- Source material -
......

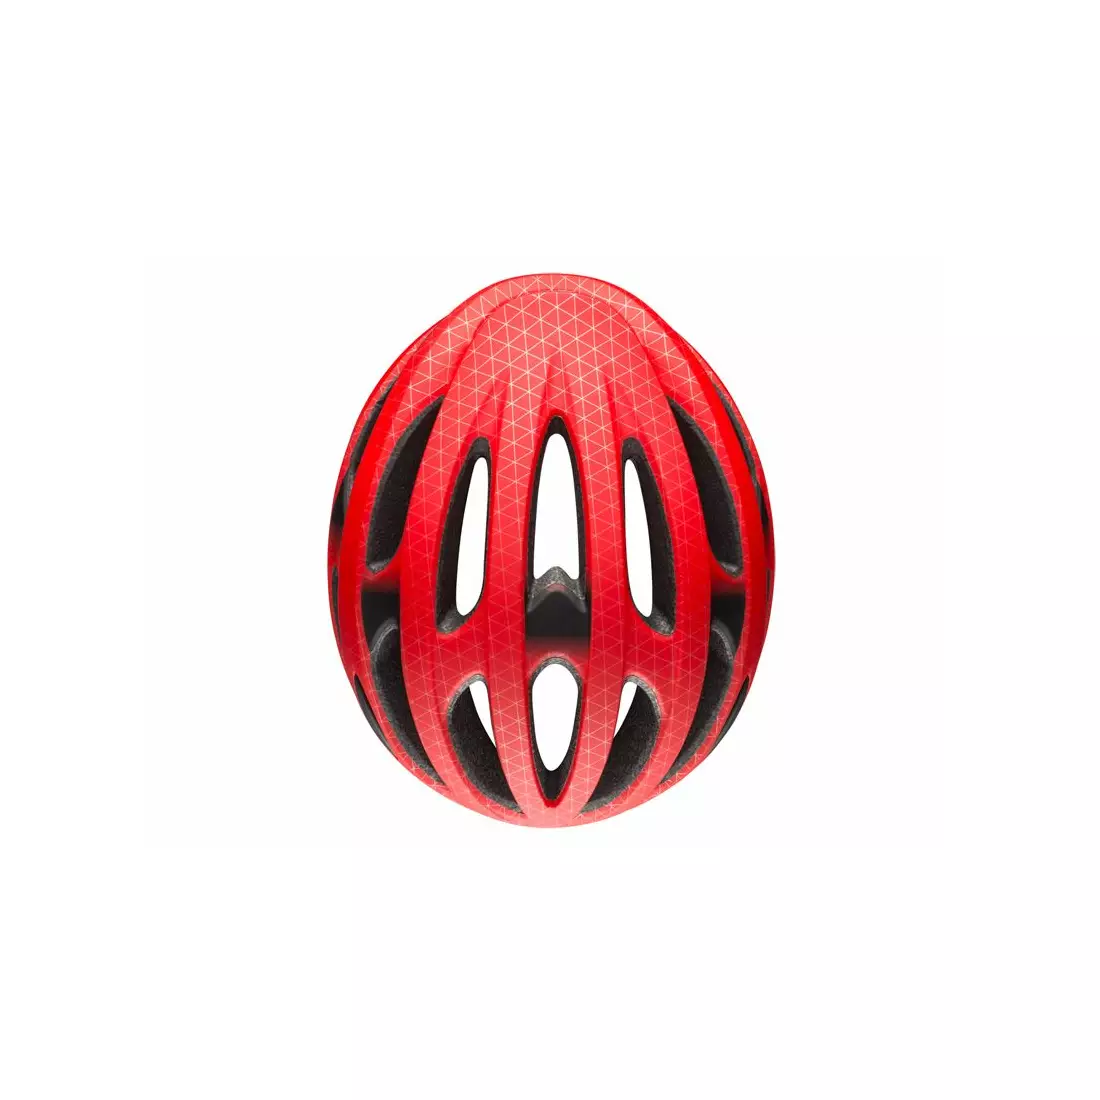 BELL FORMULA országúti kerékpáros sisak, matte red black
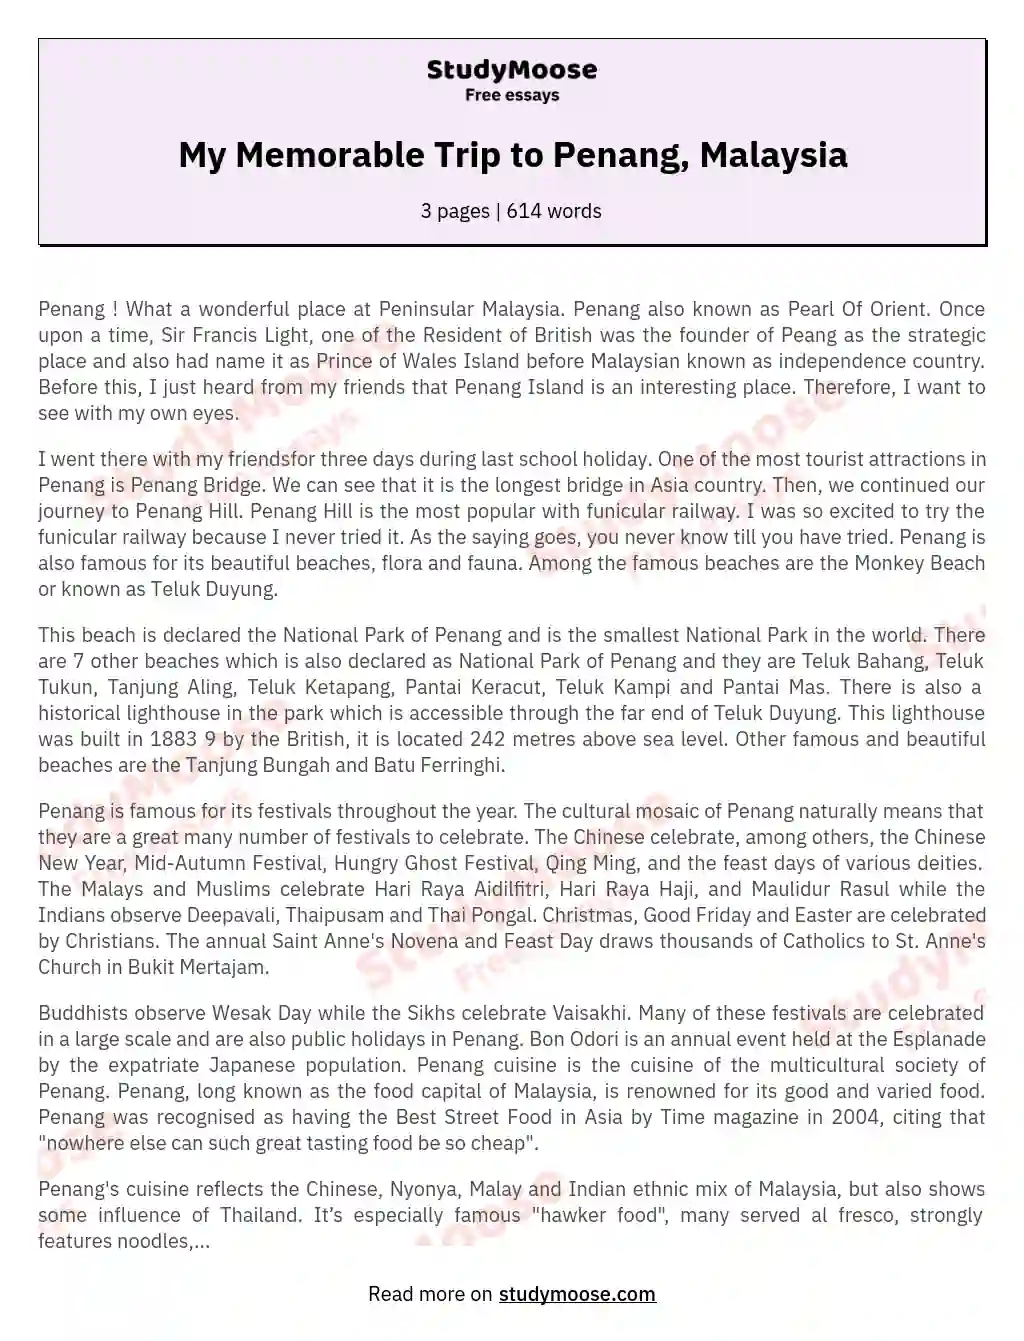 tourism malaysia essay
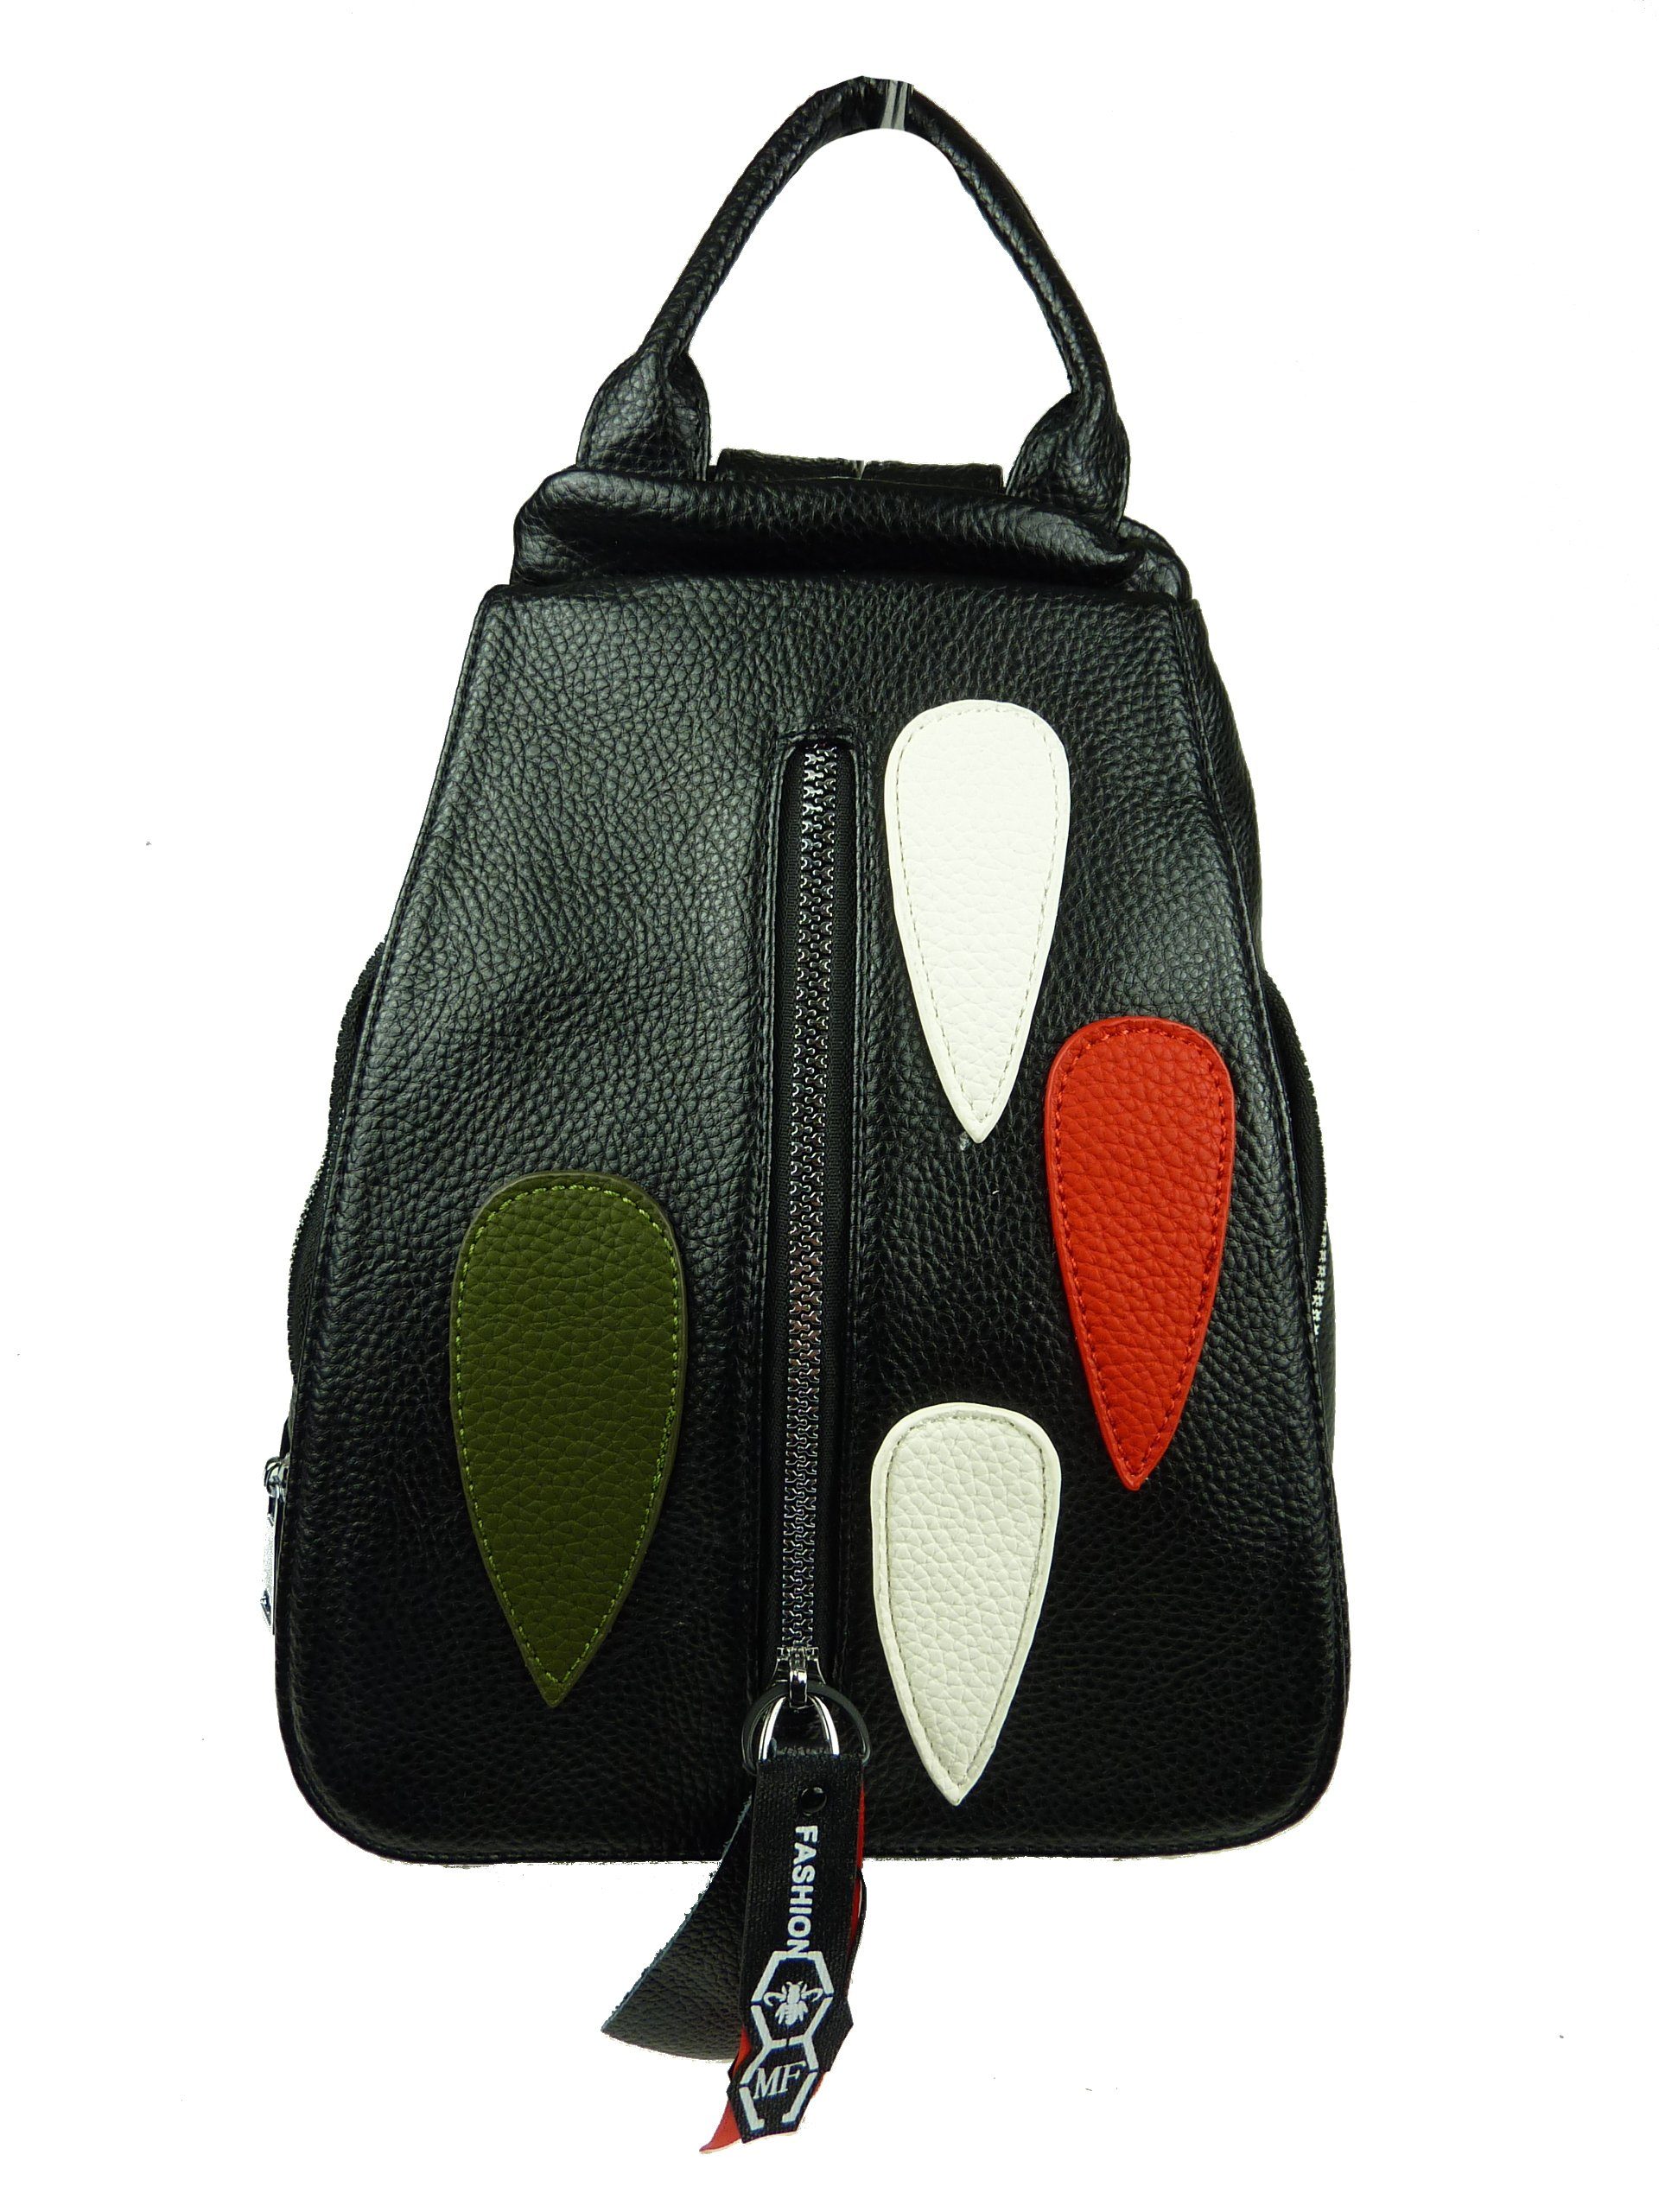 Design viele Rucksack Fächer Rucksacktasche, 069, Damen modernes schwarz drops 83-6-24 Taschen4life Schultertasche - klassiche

......

- Assigned task -
Omit the pictures and give the material again, exactly and in full.

- Task output -
 BELL FORMULA országúti kerékpáros sisak, matte red black
 tourism malaysia essay
 Design viele Rucksack Fächer Rucksacktasche, 069, Damen modernes schwarz drops 83-6-24 Taschen4life Schultertasche - klassiche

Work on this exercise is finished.